The central contention of this book is that death, not sin, is the primary predicament of the human condition. Death is the cause of sin. More properly, the fear of death produces most of the sin in our lives.
The most obvious objection to this line of argument is an appeal to the sequence recounted in Genesis 3, a sequence Paul later echoes in Romans 5:12. As the Genesis text describes, Adam and Eve’s original disobedience effected a separation from the Tree of Life, and that first sin is what introduced both death and mortality into the world.
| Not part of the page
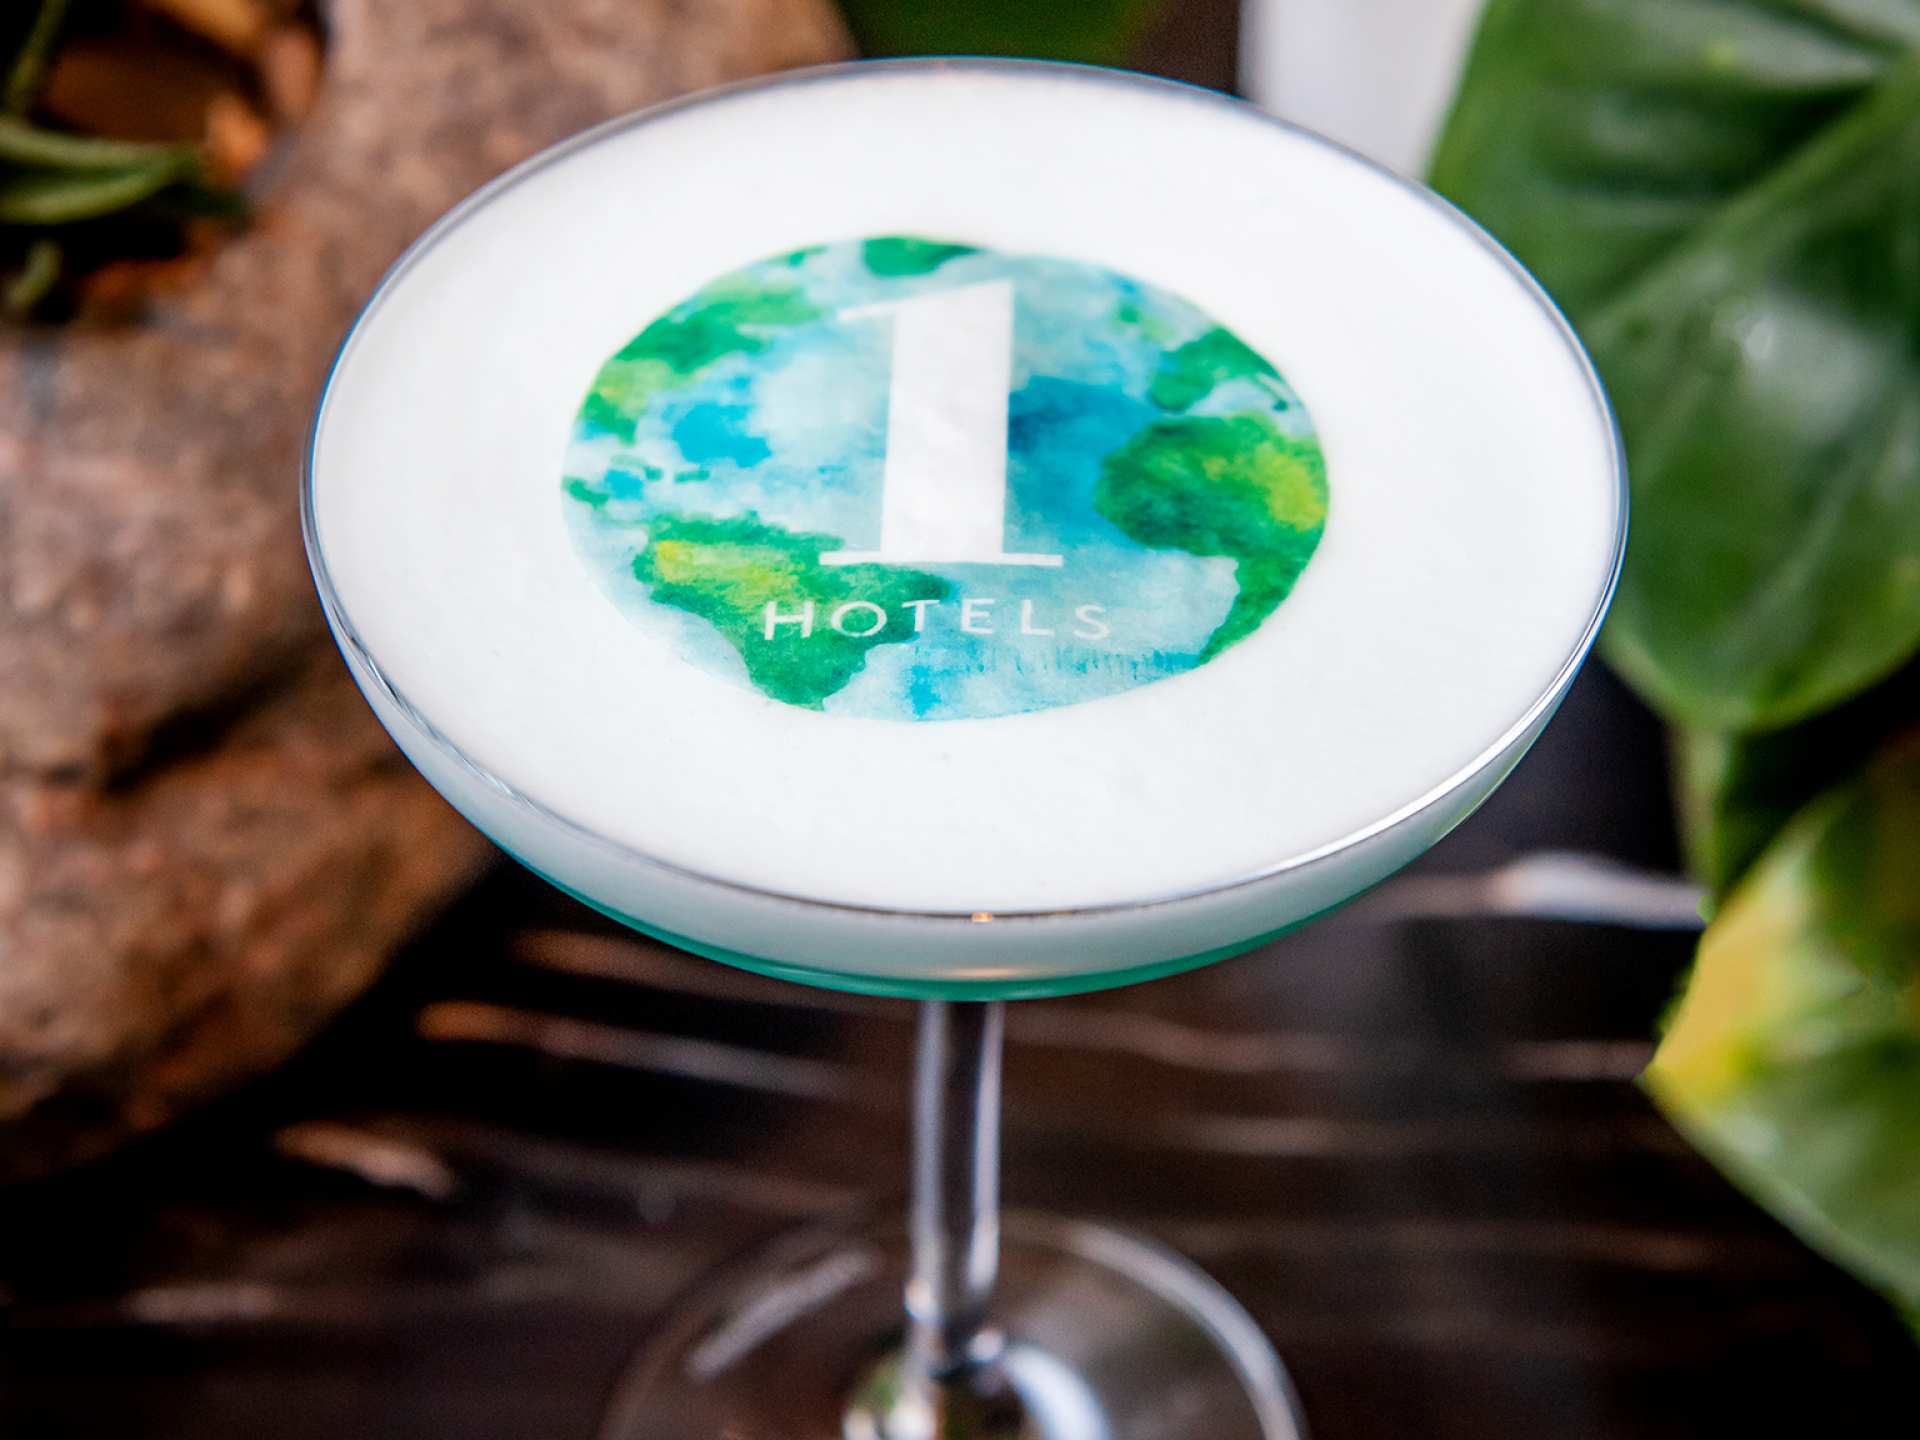 Things to do in Toronto | The Sapphire Tides cocktail at 1 Hotel Toronto

Clearly, then, sin brings about death and not the other way around. And doesn’t Paul affirm that “the wages of sin is death”?
No doubt that in the Genesis story a primal disobedience precedes the introduction of death into the world. In that account, sin comes first and results in death—this much seems clear. But the issue we must consider as we go forward is this: how much of our current situation can be modeled on the story of the primal sin? To cut to the chase, we’re not in Eden anymore. Unlike Adam and Eve, we are born into a mortal state, subject to death from the moment of conception. Before our moral lives begin—before we sin—we are born into a death-saturated existence. Unlike Adam and Eve, death predates us. We live in a very different sort of world than the one described in Genesis 12.
In short, the issue going forward, from a biblical perspective, is less about what happened at the start of the story than about the world created by that story. In Genesis sin might have predated death for Adam and Eve. But in our experience death predates our sin or, at the very least, any moral choices we make. And if death predates our sin, might death be implicated in causing our sin? Might sin be the sting—the poisonous outcome—of death?
2.
We might, then, want to pause and reconsider what exactly we inherited from Adam and Eve in the Genesis story and how that inheritance affects us—morally, spiritually, psychologically, socially, physically, and ecologically. Our particular focus will be on how this inheritance helps us understand the relationship between sin and death.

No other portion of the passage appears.